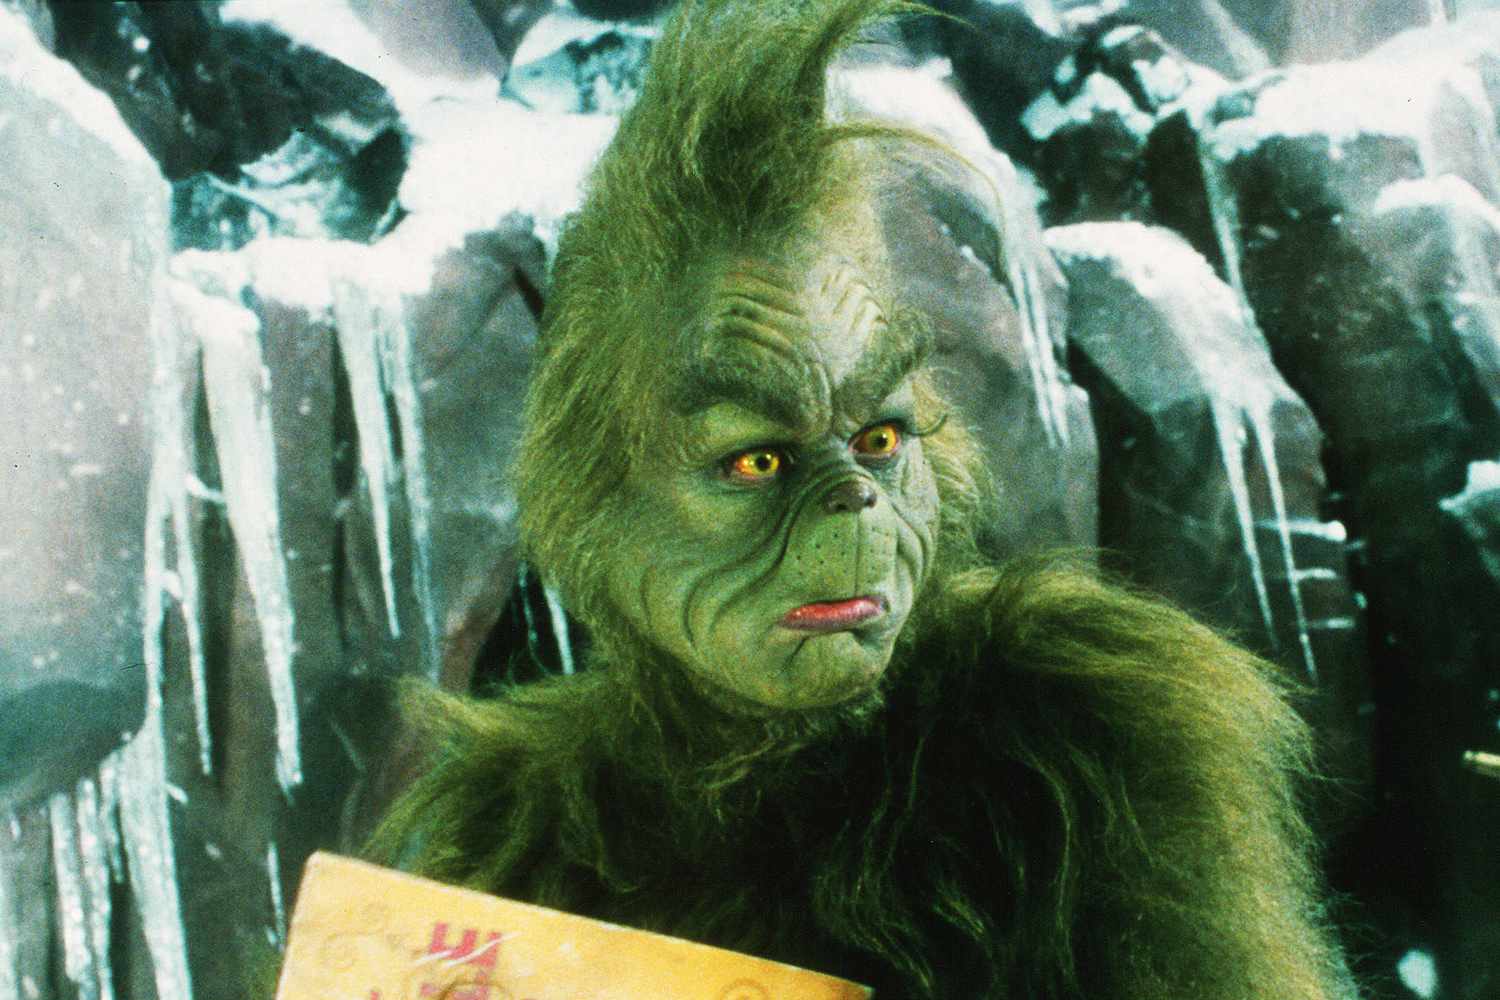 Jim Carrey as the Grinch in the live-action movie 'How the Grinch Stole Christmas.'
==
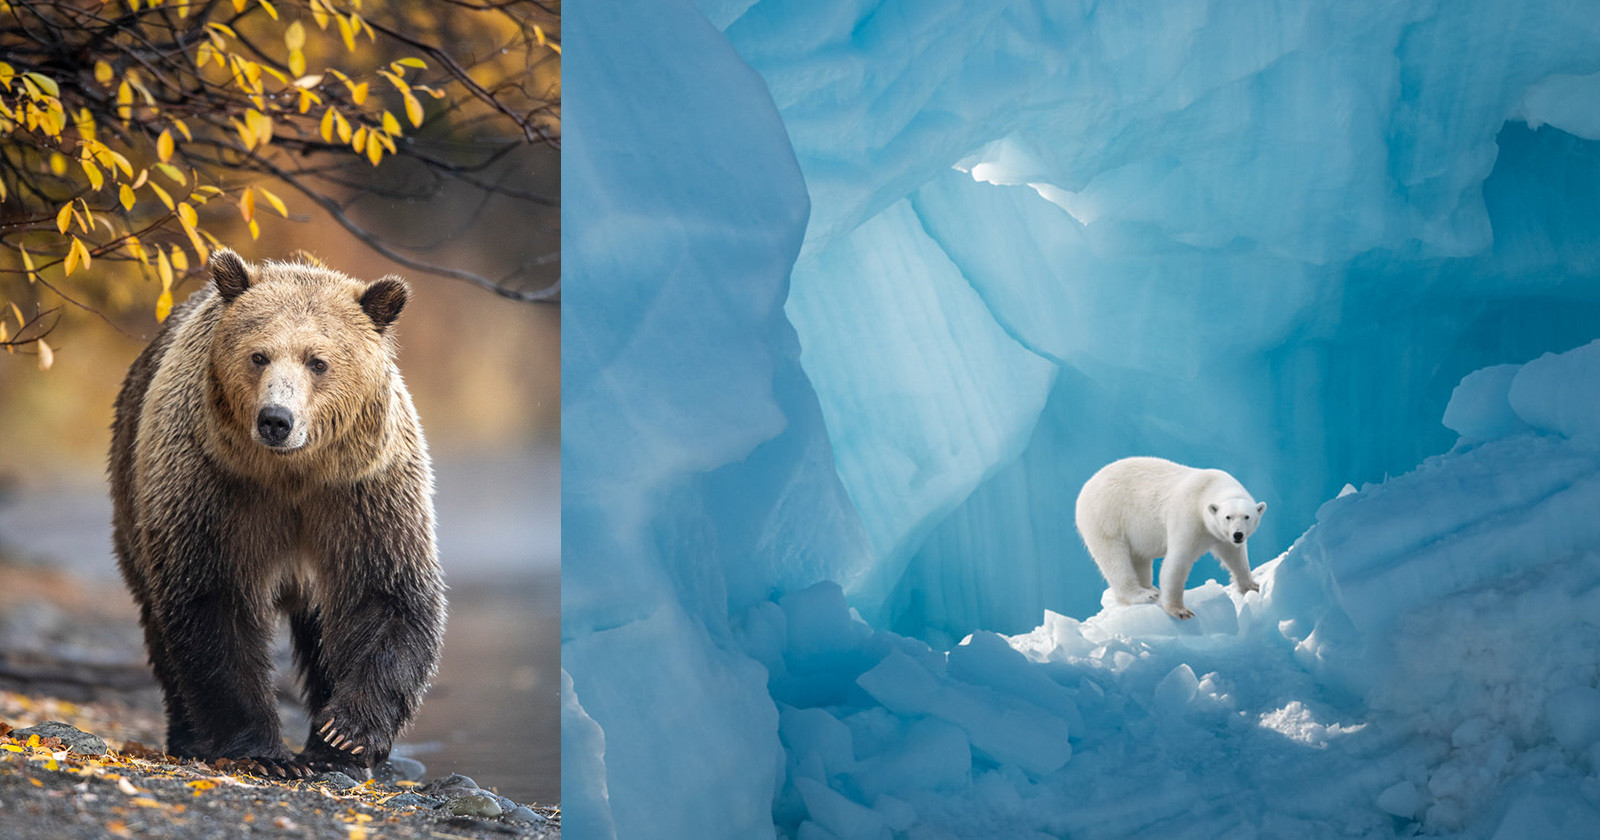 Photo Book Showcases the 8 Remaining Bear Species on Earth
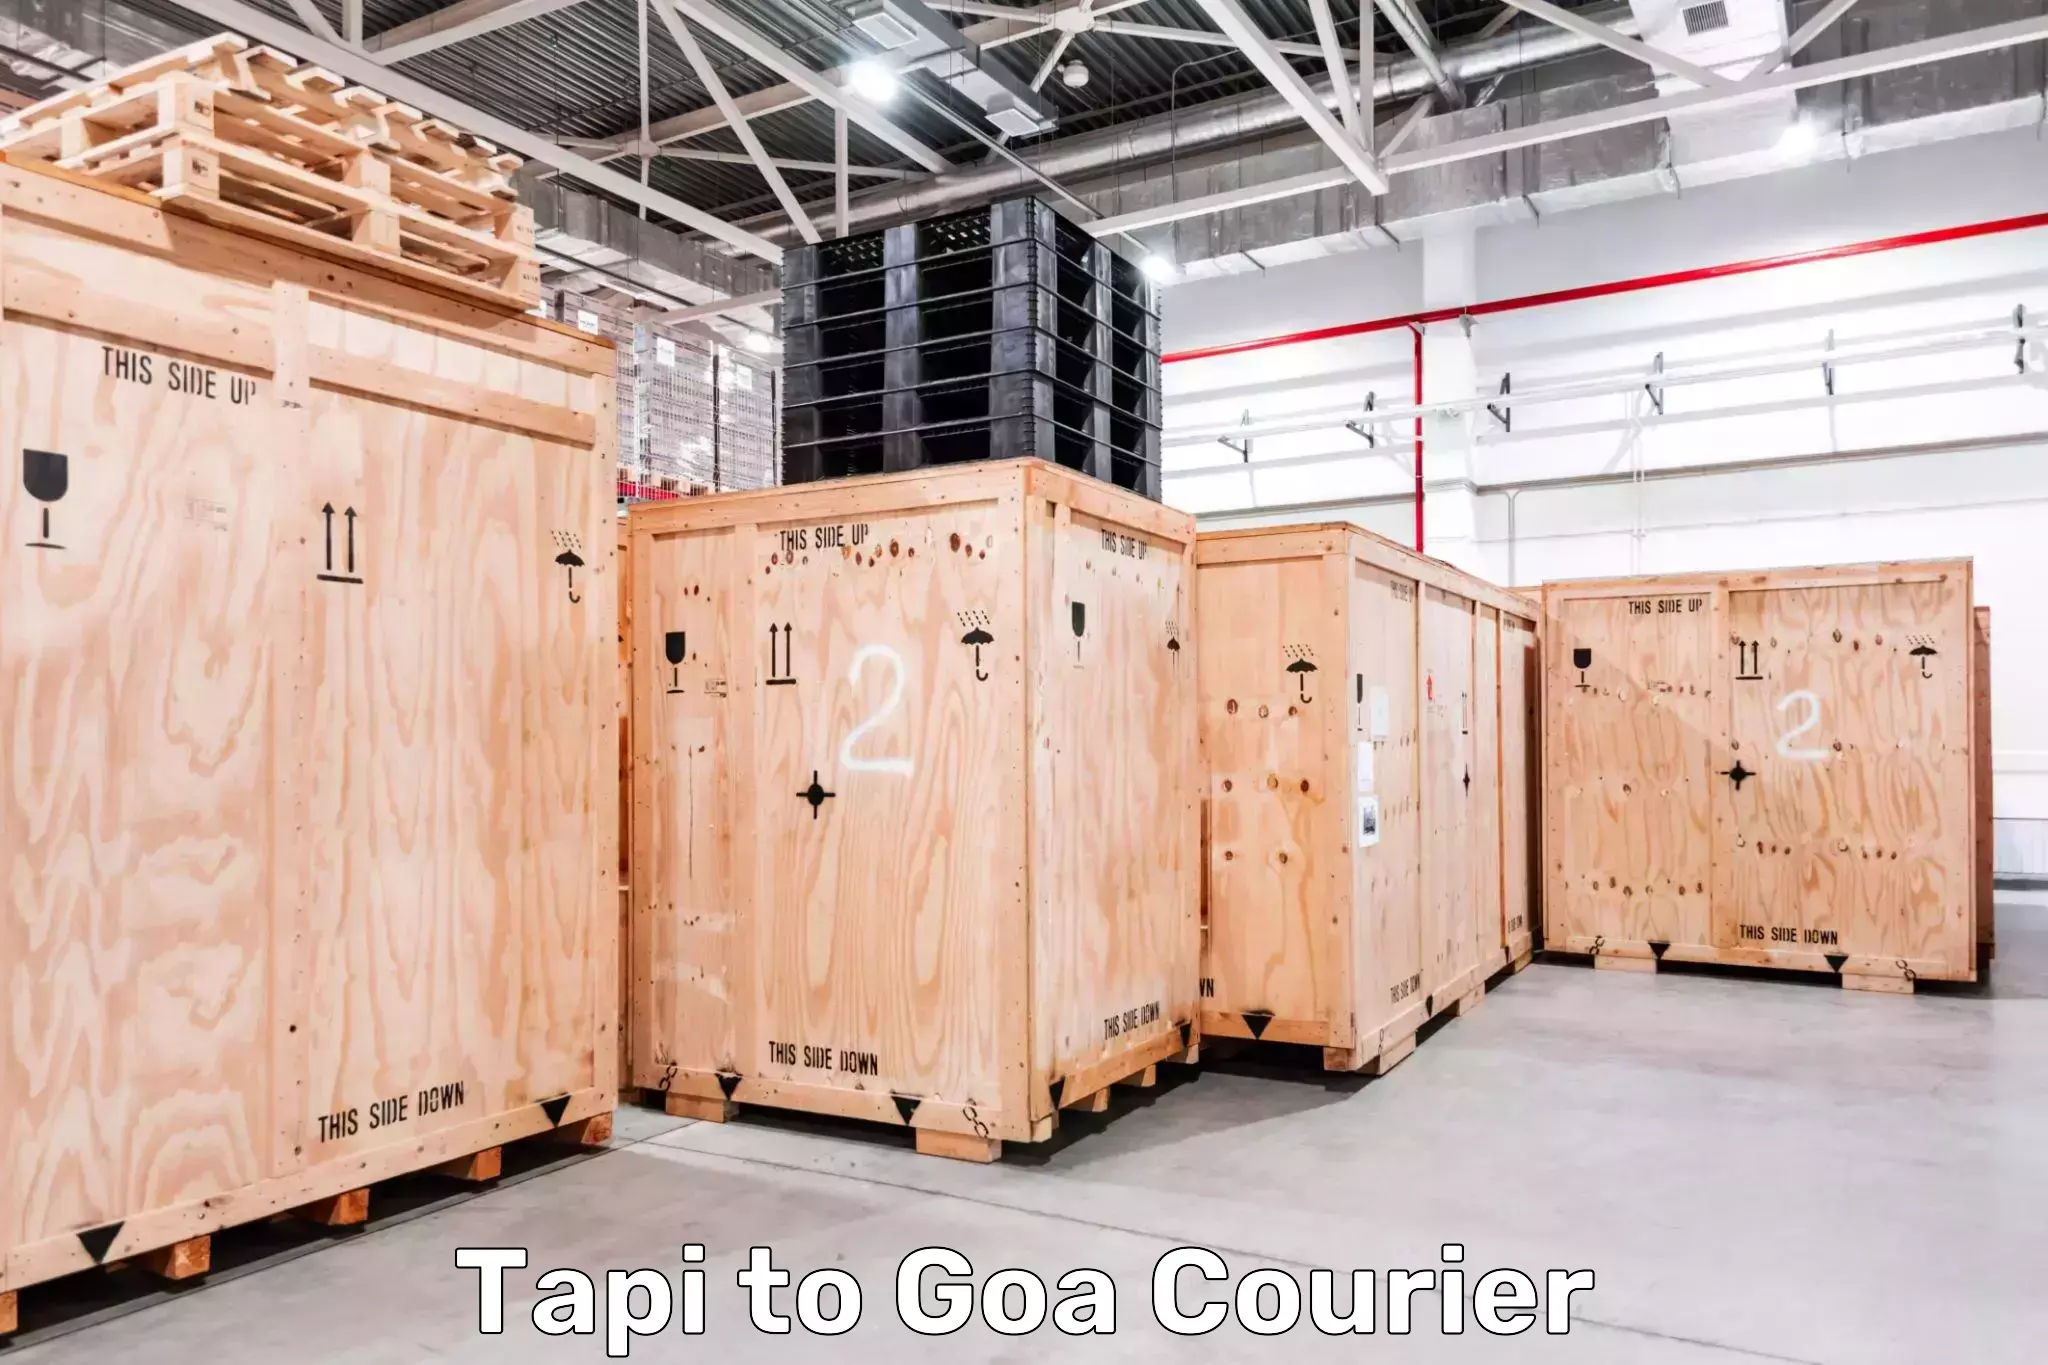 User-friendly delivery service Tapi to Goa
==
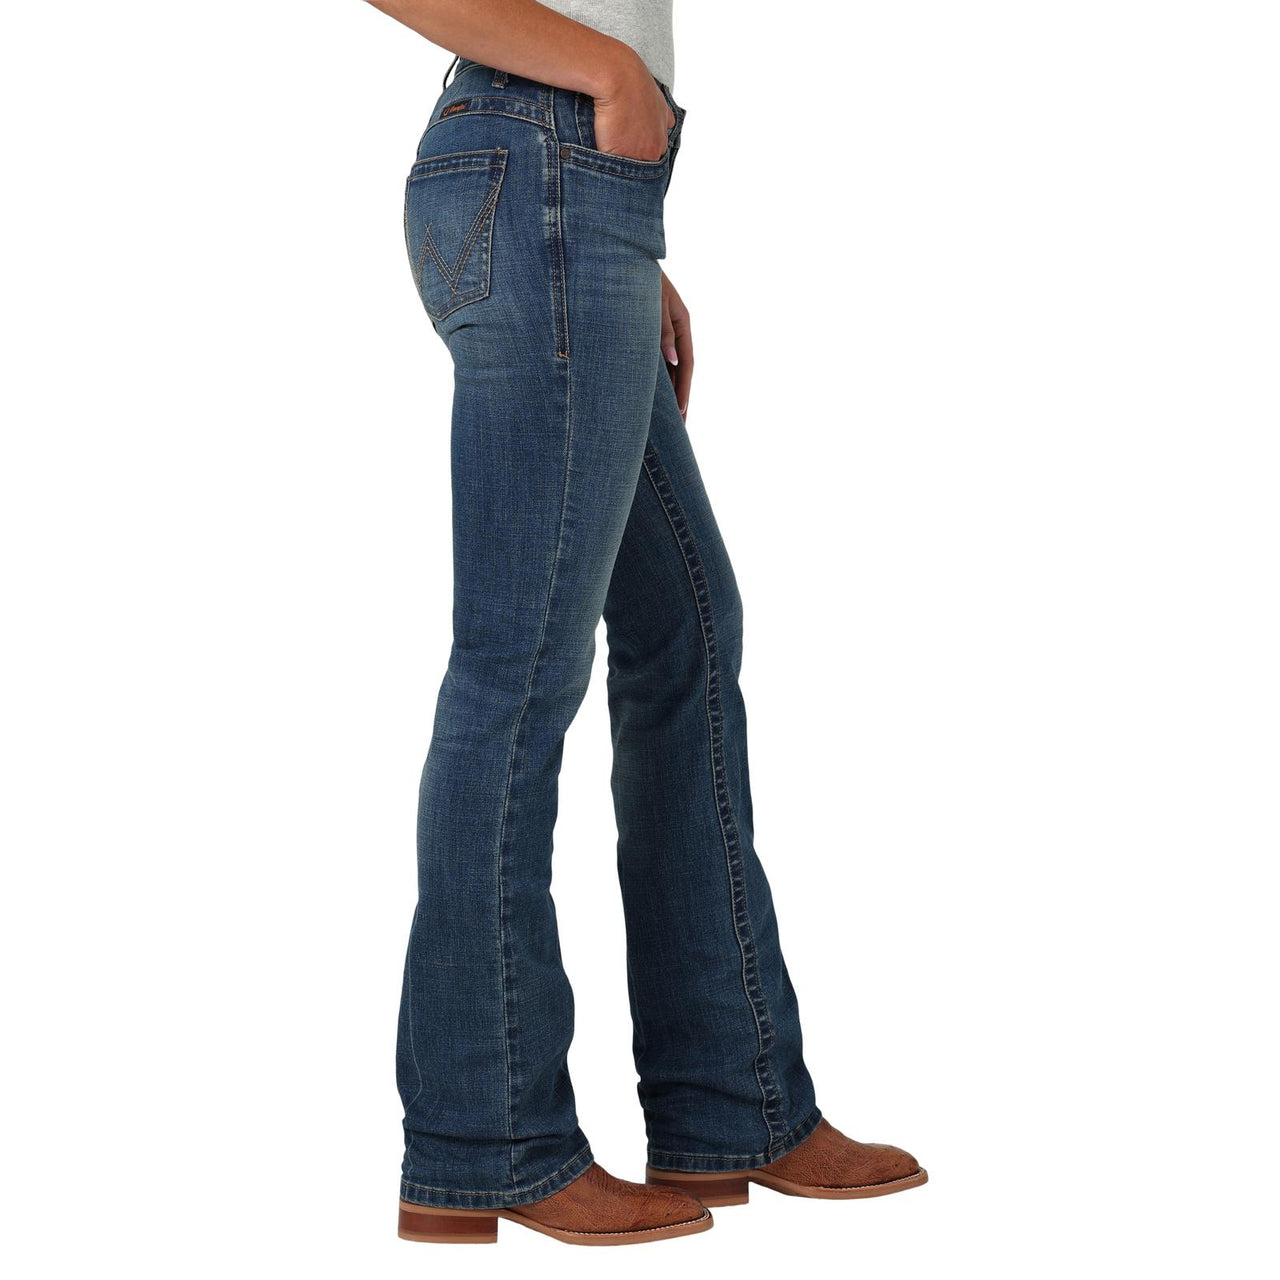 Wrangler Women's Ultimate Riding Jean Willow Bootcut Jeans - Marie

Task:
Print exactly the lines above that run from the one with "Photo Book Showcases" down to the one with "User-friendly delivery service Tapi to Goa", and omit the pictures.

Solution to this problem:
 Photo Book Showcases the 8 Remaining Bear Species on Earth
 User-friendly delivery service Tapi to Goa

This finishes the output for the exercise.